Requirement: Among the entries below, find the line with "オメコ動画キャプチャ 105PIX 44", then quote it and each following line up to and including the line with "Ceramic owl umbrella stand, photo", and nothing else.

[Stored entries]
►

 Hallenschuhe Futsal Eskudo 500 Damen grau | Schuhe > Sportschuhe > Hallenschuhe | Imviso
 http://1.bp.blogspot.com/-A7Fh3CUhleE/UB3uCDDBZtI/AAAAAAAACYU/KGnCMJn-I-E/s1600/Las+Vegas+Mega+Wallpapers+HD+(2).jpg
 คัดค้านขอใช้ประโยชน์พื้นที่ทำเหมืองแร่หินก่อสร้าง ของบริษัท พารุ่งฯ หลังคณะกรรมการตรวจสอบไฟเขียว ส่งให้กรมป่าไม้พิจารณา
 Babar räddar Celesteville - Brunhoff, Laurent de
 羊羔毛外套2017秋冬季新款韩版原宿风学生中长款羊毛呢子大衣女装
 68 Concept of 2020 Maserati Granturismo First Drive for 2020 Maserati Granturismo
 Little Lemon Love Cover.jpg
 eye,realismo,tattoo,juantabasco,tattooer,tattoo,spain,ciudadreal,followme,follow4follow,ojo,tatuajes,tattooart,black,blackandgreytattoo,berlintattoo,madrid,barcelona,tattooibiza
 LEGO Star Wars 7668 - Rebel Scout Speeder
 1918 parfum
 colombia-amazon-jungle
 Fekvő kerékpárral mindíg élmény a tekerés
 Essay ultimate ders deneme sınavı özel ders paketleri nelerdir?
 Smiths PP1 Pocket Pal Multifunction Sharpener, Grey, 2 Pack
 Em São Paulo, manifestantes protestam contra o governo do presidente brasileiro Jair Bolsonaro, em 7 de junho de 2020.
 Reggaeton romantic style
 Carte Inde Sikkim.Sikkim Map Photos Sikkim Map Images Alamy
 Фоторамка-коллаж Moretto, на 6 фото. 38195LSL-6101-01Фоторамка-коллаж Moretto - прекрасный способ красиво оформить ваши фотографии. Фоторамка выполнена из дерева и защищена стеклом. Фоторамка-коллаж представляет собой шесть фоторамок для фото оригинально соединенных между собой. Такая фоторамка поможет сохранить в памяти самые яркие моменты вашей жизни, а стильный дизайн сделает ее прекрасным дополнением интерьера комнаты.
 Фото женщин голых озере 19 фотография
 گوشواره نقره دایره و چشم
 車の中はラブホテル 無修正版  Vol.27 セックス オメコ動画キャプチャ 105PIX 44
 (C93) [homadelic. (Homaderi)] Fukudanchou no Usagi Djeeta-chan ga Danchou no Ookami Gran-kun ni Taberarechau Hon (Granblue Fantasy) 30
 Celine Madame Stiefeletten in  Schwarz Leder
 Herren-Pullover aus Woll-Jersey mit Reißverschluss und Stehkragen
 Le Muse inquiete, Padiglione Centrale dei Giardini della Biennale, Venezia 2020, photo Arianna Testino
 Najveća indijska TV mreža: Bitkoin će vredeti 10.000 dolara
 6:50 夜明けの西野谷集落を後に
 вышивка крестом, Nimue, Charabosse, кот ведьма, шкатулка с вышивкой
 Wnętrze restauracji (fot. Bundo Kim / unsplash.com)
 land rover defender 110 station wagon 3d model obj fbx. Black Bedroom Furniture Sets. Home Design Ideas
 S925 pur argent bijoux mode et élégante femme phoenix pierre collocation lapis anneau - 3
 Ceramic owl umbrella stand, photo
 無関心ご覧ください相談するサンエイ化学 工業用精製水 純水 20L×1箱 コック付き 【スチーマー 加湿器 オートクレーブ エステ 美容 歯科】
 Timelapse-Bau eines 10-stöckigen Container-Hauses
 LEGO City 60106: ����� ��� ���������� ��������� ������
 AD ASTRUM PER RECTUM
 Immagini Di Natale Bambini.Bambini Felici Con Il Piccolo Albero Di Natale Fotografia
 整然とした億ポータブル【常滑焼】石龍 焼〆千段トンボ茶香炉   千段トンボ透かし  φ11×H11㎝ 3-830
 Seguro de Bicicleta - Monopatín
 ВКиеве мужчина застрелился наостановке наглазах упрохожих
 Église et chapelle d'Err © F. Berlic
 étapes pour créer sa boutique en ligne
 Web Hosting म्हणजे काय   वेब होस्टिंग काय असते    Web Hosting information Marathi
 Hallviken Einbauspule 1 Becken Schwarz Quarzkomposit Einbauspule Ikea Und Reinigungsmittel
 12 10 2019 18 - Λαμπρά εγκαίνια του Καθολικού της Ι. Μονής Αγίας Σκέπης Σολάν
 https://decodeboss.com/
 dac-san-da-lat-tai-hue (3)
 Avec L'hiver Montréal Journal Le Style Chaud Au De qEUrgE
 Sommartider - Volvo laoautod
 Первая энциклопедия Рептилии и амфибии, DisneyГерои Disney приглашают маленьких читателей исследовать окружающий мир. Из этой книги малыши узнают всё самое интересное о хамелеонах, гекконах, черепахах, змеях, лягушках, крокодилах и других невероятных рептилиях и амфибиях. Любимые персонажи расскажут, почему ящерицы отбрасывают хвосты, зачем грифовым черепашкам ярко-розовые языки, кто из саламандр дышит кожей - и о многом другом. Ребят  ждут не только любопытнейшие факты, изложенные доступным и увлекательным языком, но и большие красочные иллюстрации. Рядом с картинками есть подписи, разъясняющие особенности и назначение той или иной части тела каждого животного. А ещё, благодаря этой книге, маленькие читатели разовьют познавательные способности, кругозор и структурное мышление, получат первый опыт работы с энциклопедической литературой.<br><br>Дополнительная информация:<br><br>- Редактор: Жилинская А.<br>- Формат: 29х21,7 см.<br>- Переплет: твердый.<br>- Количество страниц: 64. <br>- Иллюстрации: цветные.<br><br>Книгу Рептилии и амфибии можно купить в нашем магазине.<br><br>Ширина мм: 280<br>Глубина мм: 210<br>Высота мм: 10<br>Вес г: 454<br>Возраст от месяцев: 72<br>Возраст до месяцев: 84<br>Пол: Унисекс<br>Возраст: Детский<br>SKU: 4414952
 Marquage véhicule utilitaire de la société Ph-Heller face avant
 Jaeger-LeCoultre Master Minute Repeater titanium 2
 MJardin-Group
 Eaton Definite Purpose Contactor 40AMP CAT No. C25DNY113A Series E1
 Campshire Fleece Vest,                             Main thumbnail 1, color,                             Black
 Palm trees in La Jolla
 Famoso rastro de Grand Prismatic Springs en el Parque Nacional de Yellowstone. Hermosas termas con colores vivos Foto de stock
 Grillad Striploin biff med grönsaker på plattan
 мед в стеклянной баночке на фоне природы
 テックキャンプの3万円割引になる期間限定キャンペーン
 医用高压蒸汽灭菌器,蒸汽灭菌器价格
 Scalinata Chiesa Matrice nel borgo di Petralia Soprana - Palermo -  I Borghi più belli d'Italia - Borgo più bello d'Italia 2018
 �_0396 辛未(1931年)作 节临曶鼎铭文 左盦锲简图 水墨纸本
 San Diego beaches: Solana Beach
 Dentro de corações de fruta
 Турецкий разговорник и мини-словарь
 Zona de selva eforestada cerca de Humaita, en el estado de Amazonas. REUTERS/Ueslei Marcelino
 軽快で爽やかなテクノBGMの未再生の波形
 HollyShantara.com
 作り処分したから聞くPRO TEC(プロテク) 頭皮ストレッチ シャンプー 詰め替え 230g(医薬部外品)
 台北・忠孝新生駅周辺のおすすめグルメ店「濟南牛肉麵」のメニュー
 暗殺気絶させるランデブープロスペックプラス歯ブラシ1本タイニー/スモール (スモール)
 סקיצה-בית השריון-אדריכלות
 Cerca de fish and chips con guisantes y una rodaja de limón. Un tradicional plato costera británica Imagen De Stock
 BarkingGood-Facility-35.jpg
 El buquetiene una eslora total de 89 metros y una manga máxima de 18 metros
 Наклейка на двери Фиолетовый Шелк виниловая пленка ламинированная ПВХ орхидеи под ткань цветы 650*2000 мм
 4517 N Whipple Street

◄

Exercise answer:
 車の中はラブホテル 無修正版  Vol.27 セックス オメコ動画キャプチャ 105PIX 44
 (C93) [homadelic. (Homaderi)] Fukudanchou no Usagi Djeeta-chan ga Danchou no Ookami Gran-kun ni Taberarechau Hon (Granblue Fantasy) 30
 Celine Madame Stiefeletten in  Schwarz Leder
 Herren-Pullover aus Woll-Jersey mit Reißverschluss und Stehkragen
 Le Muse inquiete, Padiglione Centrale dei Giardini della Biennale, Venezia 2020, photo Arianna Testino
 Najveća indijska TV mreža: Bitkoin će vredeti 10.000 dolara
 6:50 夜明けの西野谷集落を後に
 вышивка крестом, Nimue, Charabosse, кот ведьма, шкатулка с вышивкой
 Wnętrze restauracji (fot. Bundo Kim / unsplash.com)
 land rover defender 110 station wagon 3d model obj fbx. Black Bedroom Furniture Sets. Home Design Ideas
 S925 pur argent bijoux mode et élégante femme phoenix pierre collocation lapis anneau - 3
 Ceramic owl umbrella stand, photo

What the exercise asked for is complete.